Жирномясый хозяин хором, голоногий Фед Федыч приволок усилитель, гитару в чехле… как был в своем простеганном шлафроке, так и уселся за ударные; Раевский нежно — еще нежнее, наверное, чем Иванку, — медлительно-влюбленно расчехлил гитару с длинным грифом, с невиданной декой таких нездешних очертаний, что никаких сомнений не осталось, что взятые на ней аккорды услышат очень далеко отсюда, так что, наверное, и антоновские саженцы на Марсе пойдут в рост. Сам Эдисон уселся за раздолбанное пианино — все крали выжидательно глядели, цедя из бокалов мускат и шартрез… с холодно-снисходительной улыбкой и в то же время будто в глуповатом предвкушении невиданного подвига: мол, окажитесь настоящими мужчинами, и мы тогда ваши.
Сжимая в мощных волосатых лапах зубочистки, Фед Федыч задал ритм, и Эдисон, скрестив и свив под пианино ноги, замолотил по западающим, то деревянно-неподатливым вдруг клавишам, немилосердно загоняя в каждый такт по три-четырех грязных, острых, разящих в самый мозжечок зазубренных аккорда; Раевский, ни секунды не заботясь о попадании в ритм, хрипяще, трудно, скупо подчеркивал гармонию, как будто зажимал, удерживал насилу обеими руками челюсти ревущего утробно электрического зверя. Могучий Фед рубил по барабанам и тарелкам так, что звякали стекла в буфете… под пальцами у Эдисона проскочил разряд, обвитые дрожащими жгутами пальцы замысловато загуляли, заметались по туго сжатому телесному огню октав — под пальцами упруго билась, звенела и изнеживалась плоть, росла, набухала, твердела, и будто прорывались в ней еще неведомые русла, все новые, с одним и тем же соком, жизненно важным, берегущим ничтожно маленькое семя, мириады… плоть замещалась звуком, так что нельзя было уже сказать, где ты кончаешься и где начинаются все остальные, кого тут больше, что в чем умещается; Камлаев играл сам себя, свое тело, желание, голод и кто-то им играл, внатяг прокачивая сквозь него восторг существования, который простирался без конца горючей запаленной водой.
Семь кралей вскочили, когтисто вцепились в загривки и плечи, карманы и ляжки пока еще немного заторможенных парней; пошли вразнос тринадцать человек, без специальных па, без предварительных договоренностей — лишь бесновато извиваясь и подергиваясь, как будто ритмический штурм и гитарные залпы расстреливали каждый из членов наособь.

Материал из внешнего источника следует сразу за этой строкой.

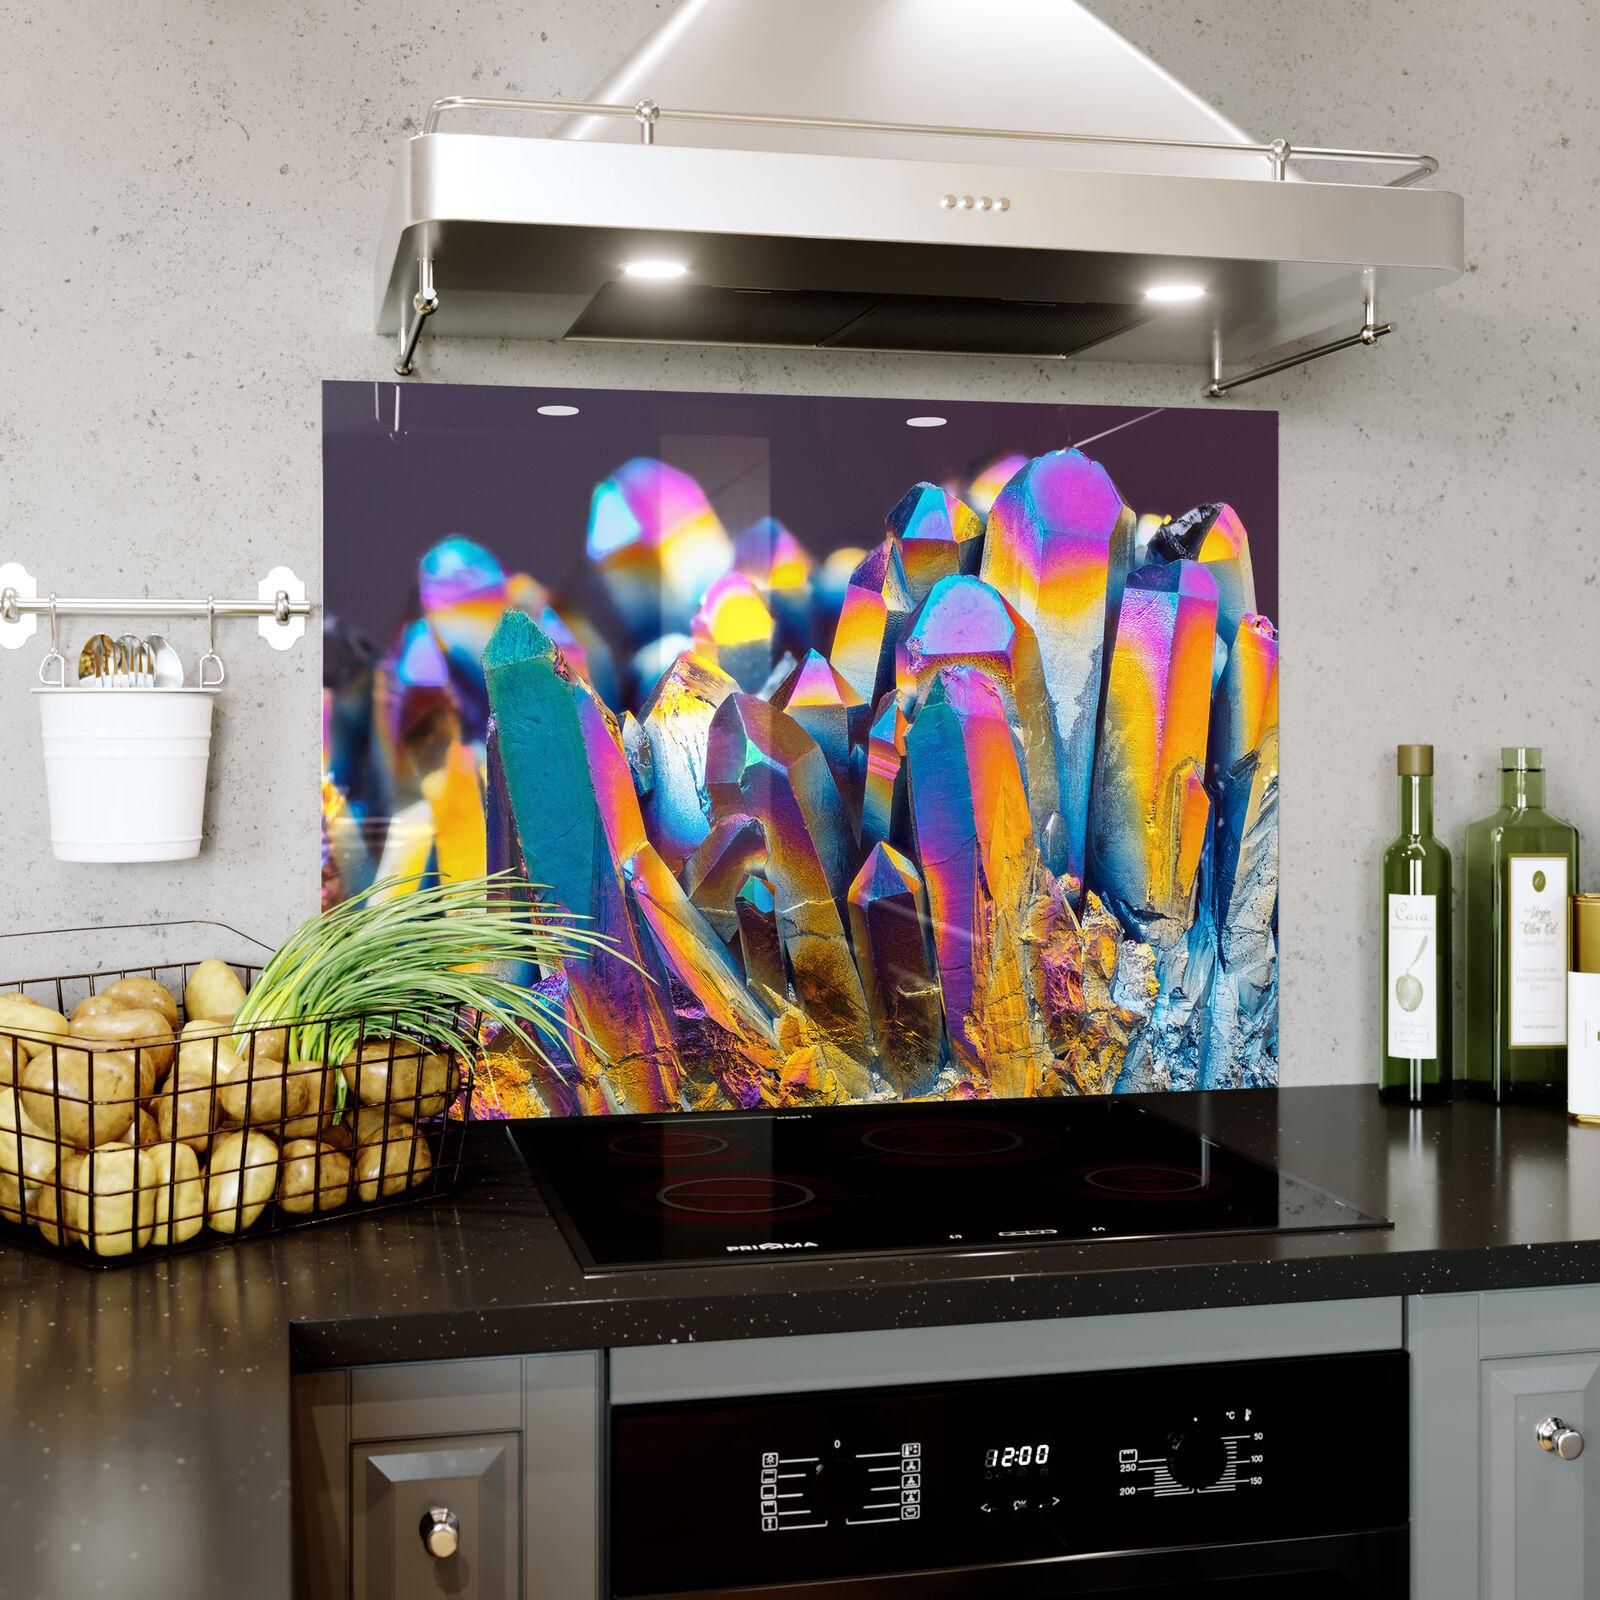 bellissimo Paraspruzzi Vetro Cucina Cucina Cucina Fornello Arcobaleno Cristallo Struttura Zoom  risparmia fino al 70%

Он, Эдисон, лил будто кипяток им между ног, и с первозданной яростью туда-сюда ходили бедра кралей и намагниченно тянулись друг к другу ляжки, животы, колени… синхронно выгибаясь, выпячивая срам — как будто все другие точки уже им для стыковки не годились, — чуть не на мостик становились чуваки и крали и распрямившейся пружиной вновь вставали вертикально. Стахановцем в лаве, кривясь так, как будто его раздирало на части, Раевский задыхался и трубил, как слон, зовущий в джунглях свою текущую мелодией подругу.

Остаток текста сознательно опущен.